- [Required work] Print the data exactly. Pictures stay out.

- [Input data]
^^^^
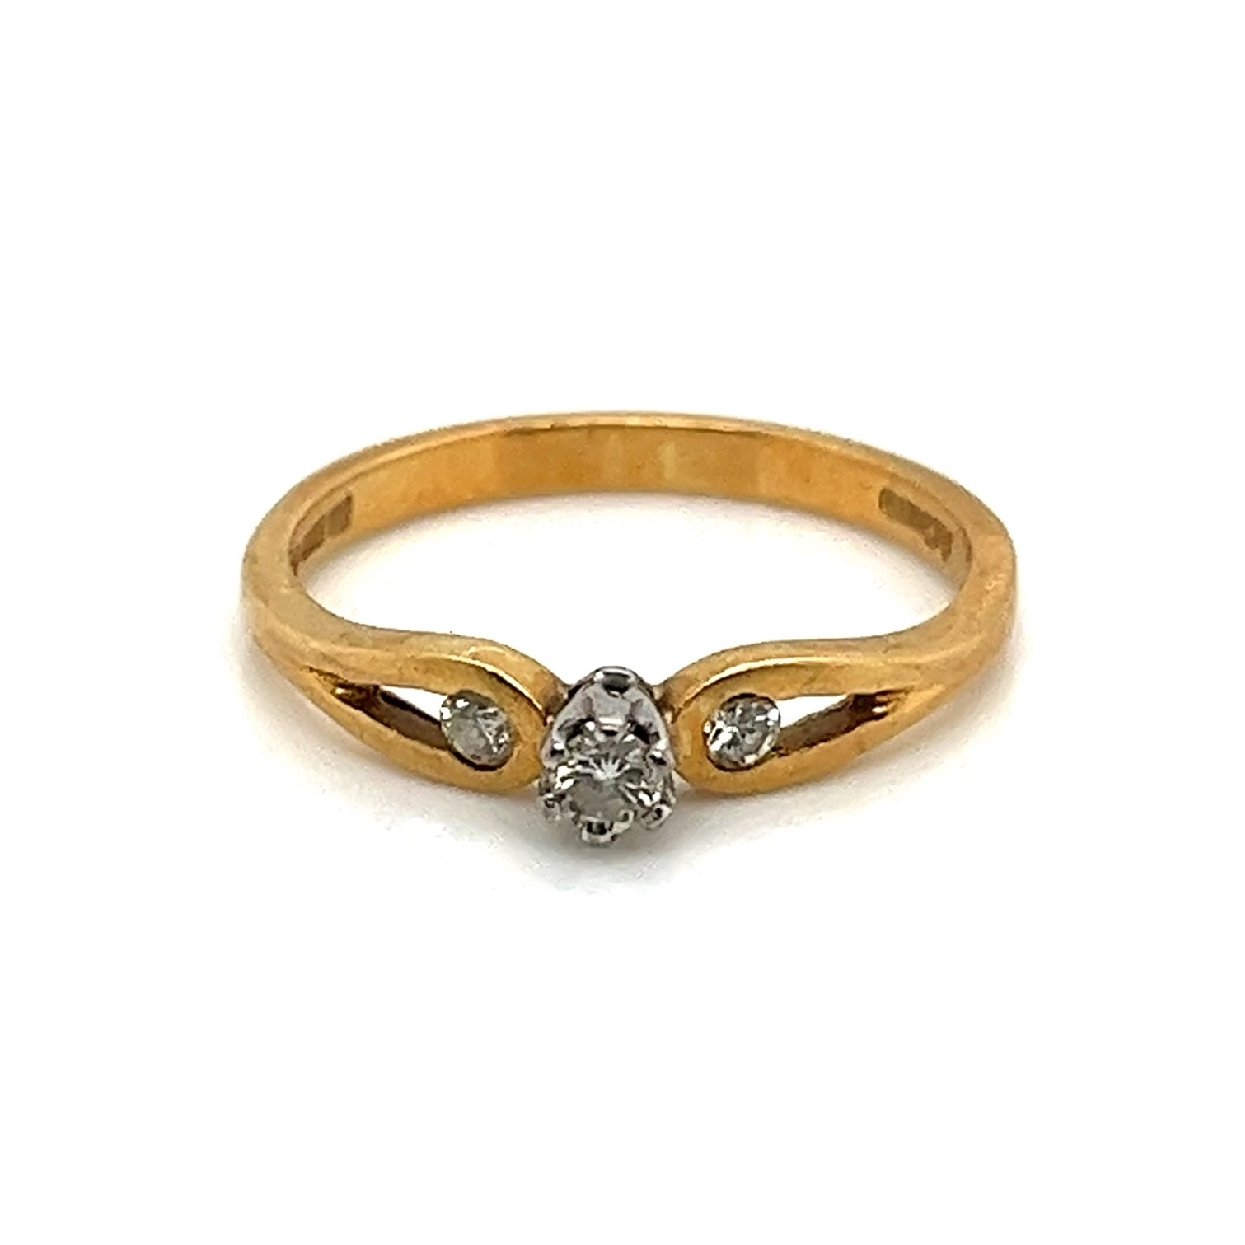 18K Yellow Gold and White Gold Round Diamond Ring with Diamond Accents

Size 6
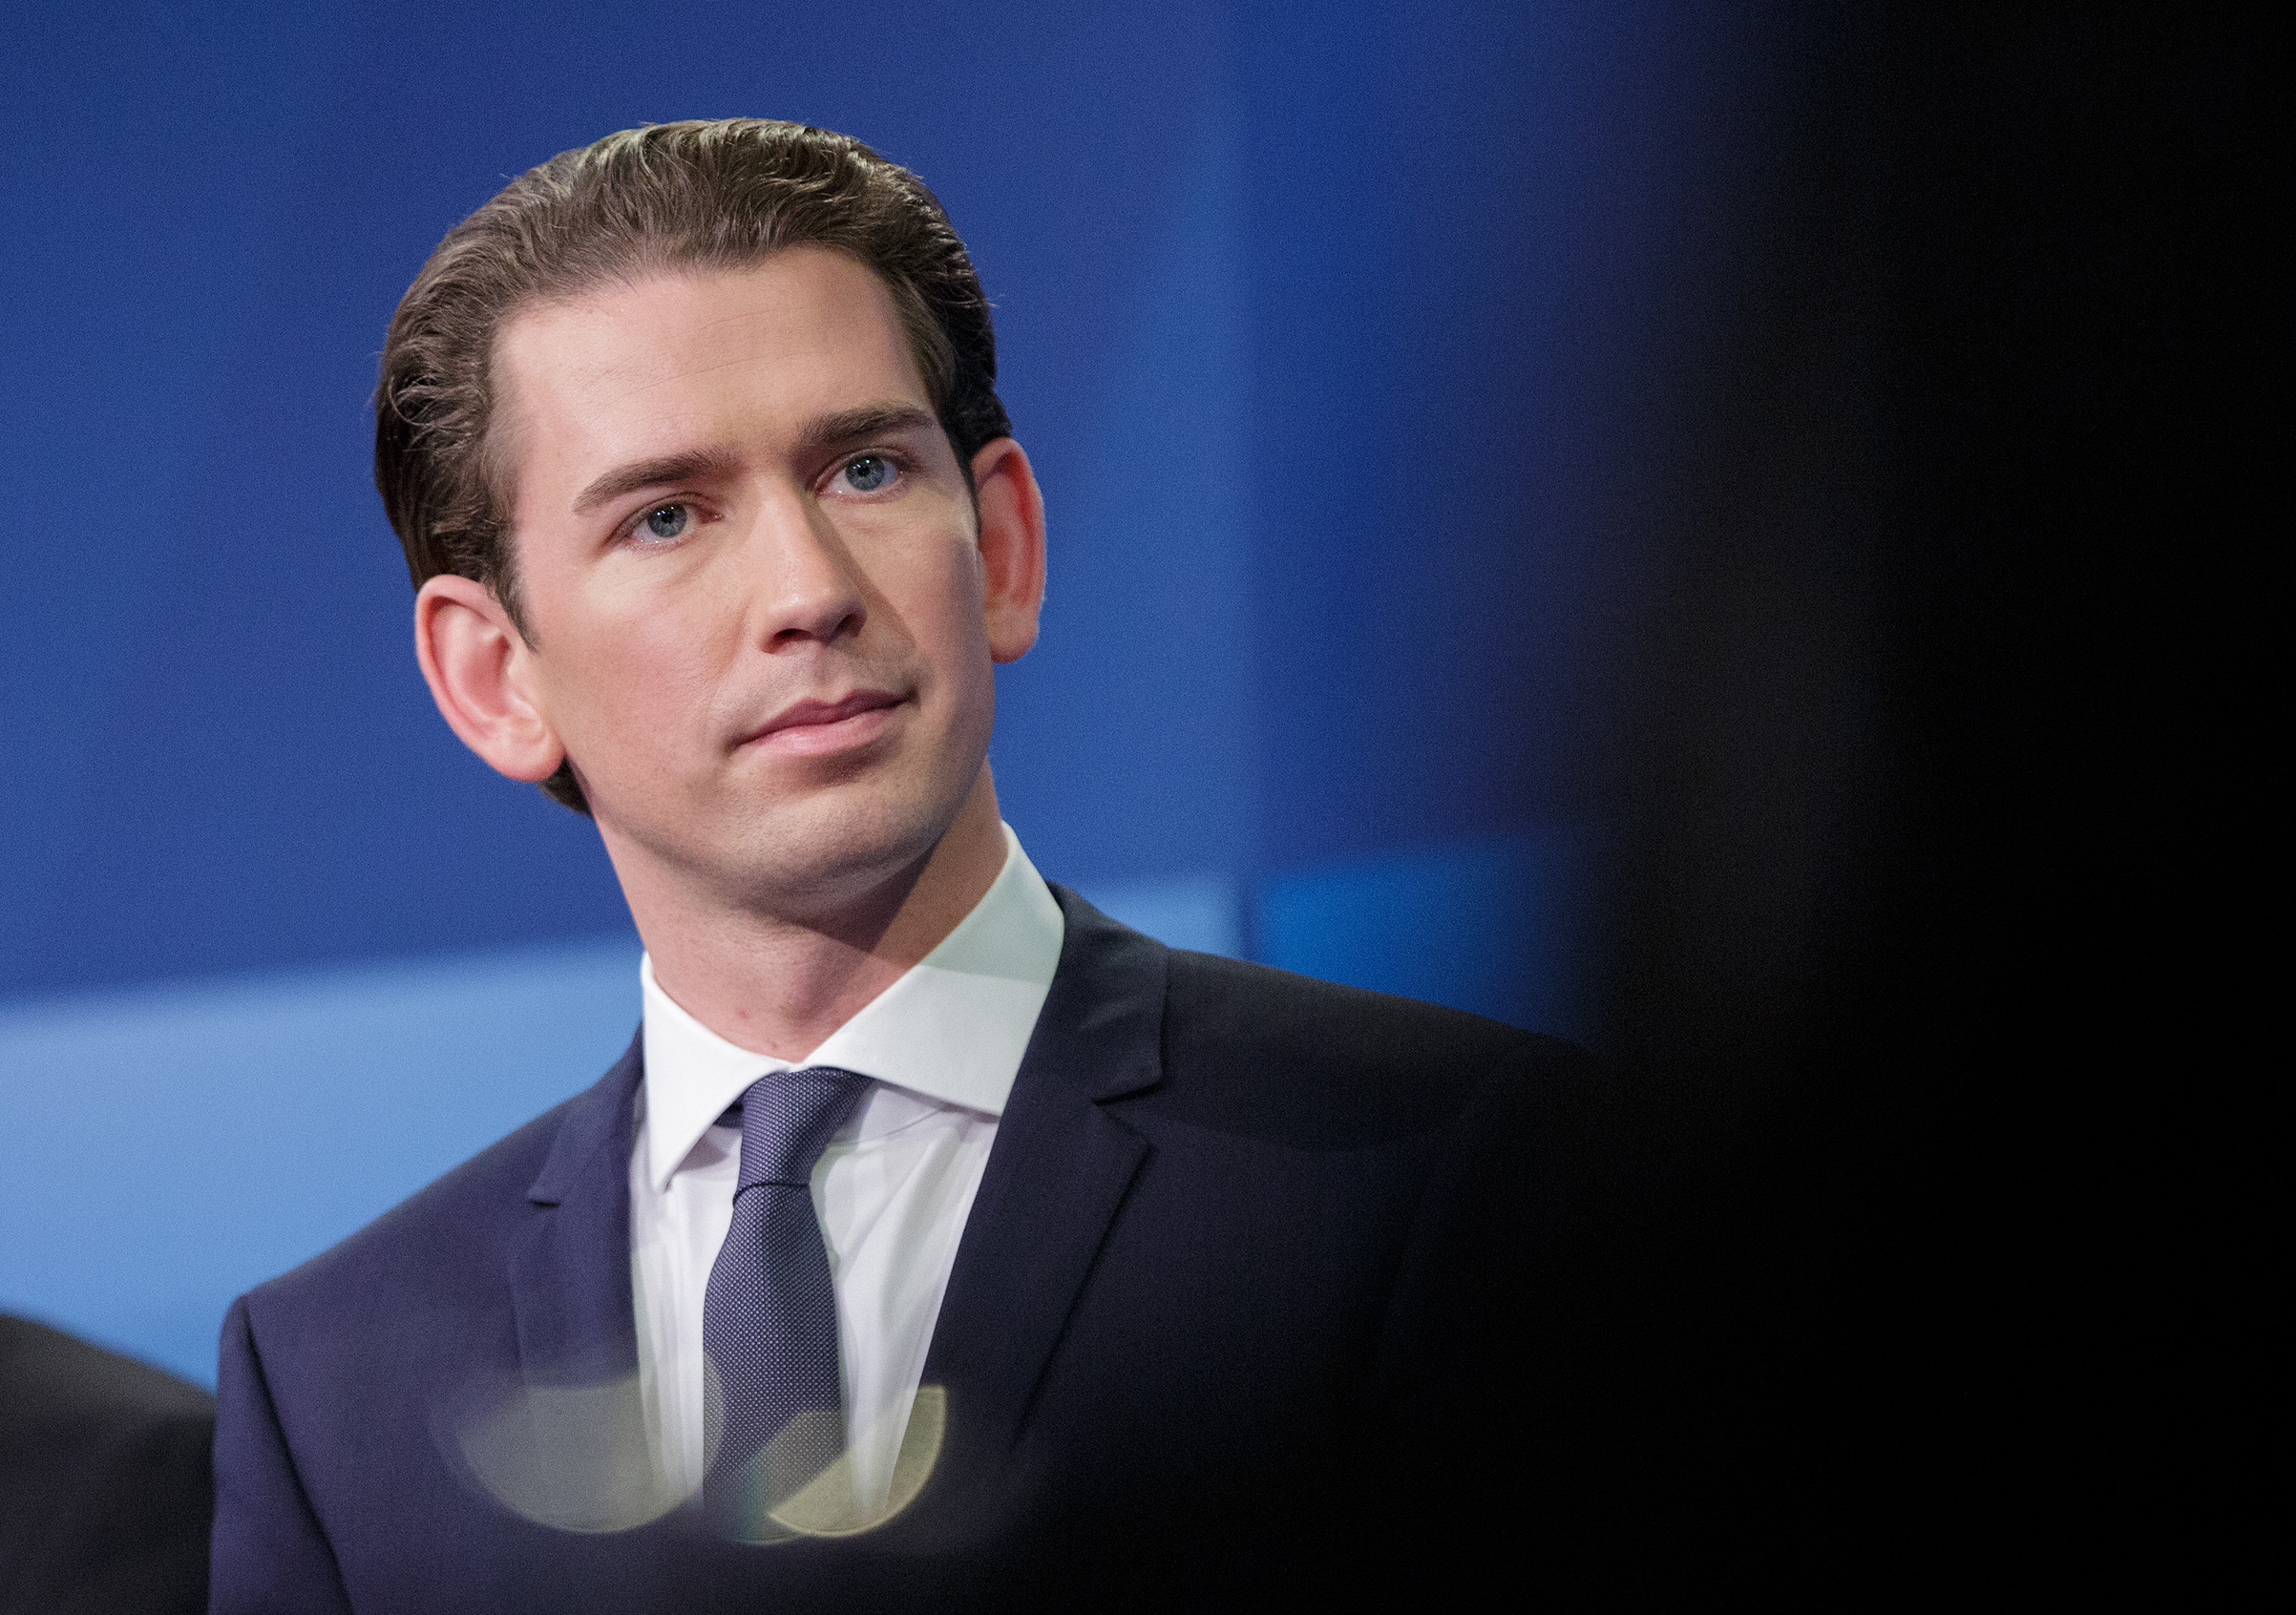 Sebastian Kurz, Austria's foreign minister and leader of the People's Party, participates in a television debate ahead of a federal election in Vienna, Austria, on Oct. 15, 2017. (Lisi Niesner—Bloomberg/Getty Images)
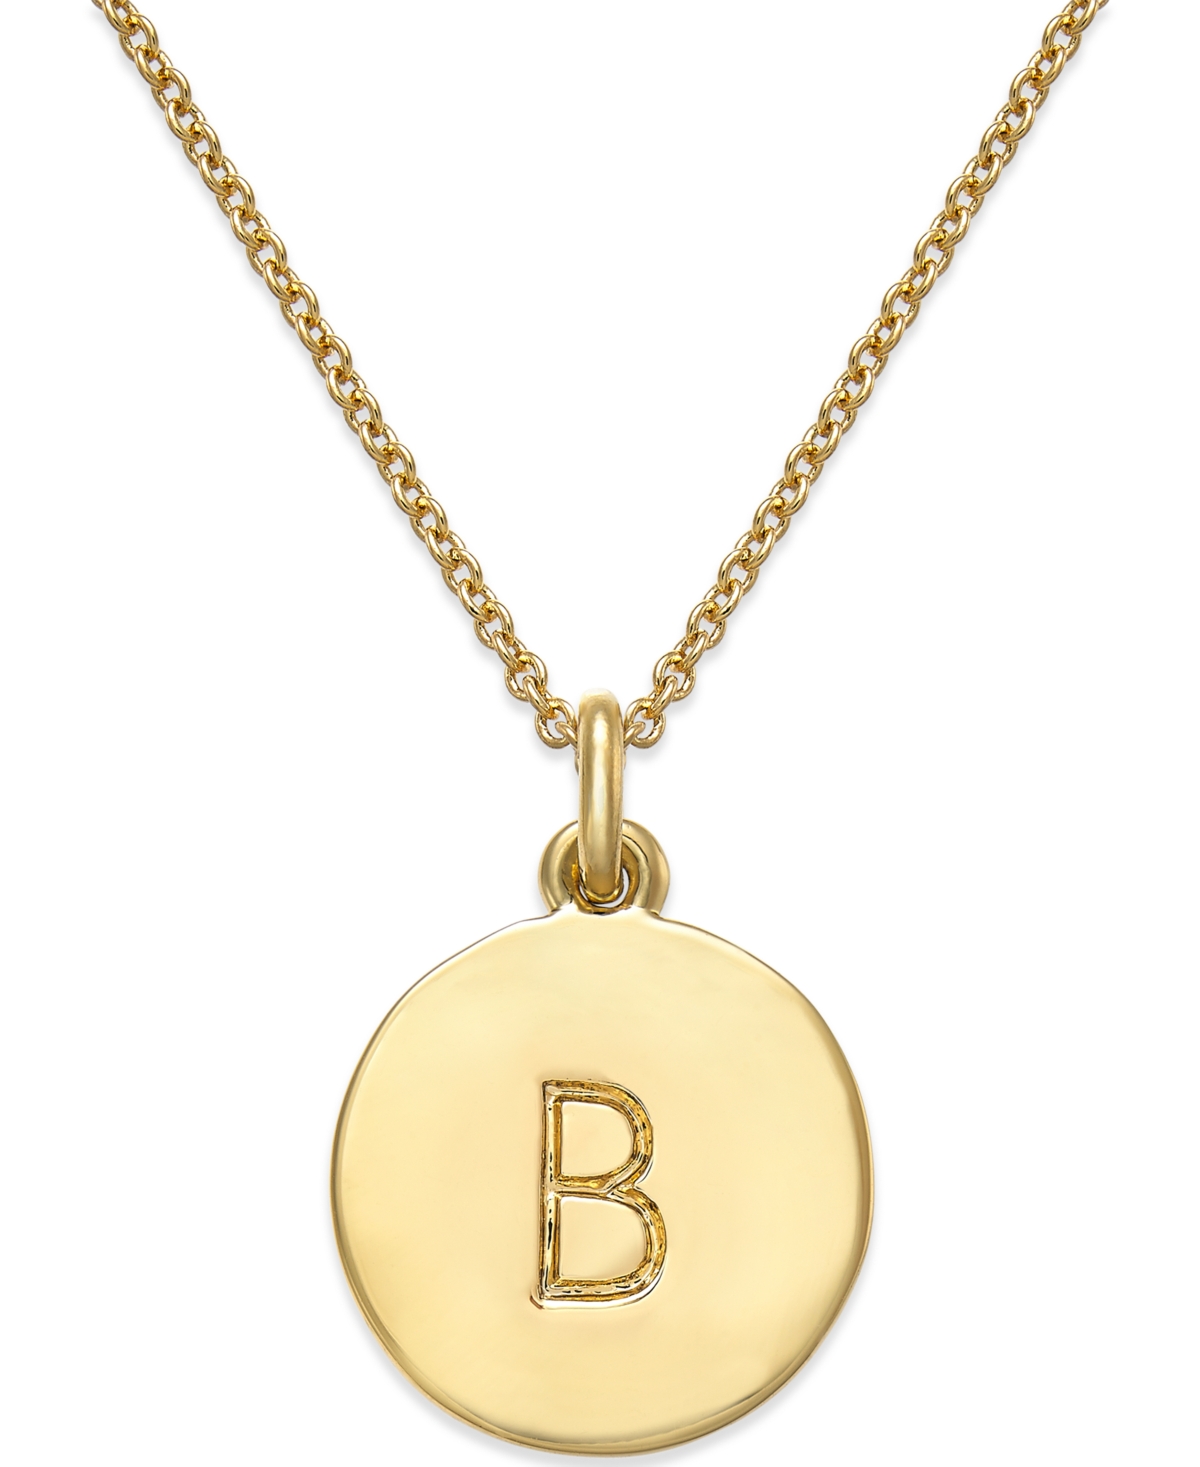 12k Gold-Plated Initials Pendant Necklace, 17" + 3" Extender - T
^^^^
- [Result below]
 18K Yellow Gold and White Gold Round Diamond Ring with Diamond Accents

Size 6
 Sebastian Kurz, Austria's foreign minister and leader of the People's Party, participates in a television debate ahead of a federal election in Vienna, Austria, on Oct. 15, 2017. (Lisi Niesner—Bloomberg/Getty Images)
 12k Gold-Plated Initials Pendant Necklace, 17" + 3" Extender - T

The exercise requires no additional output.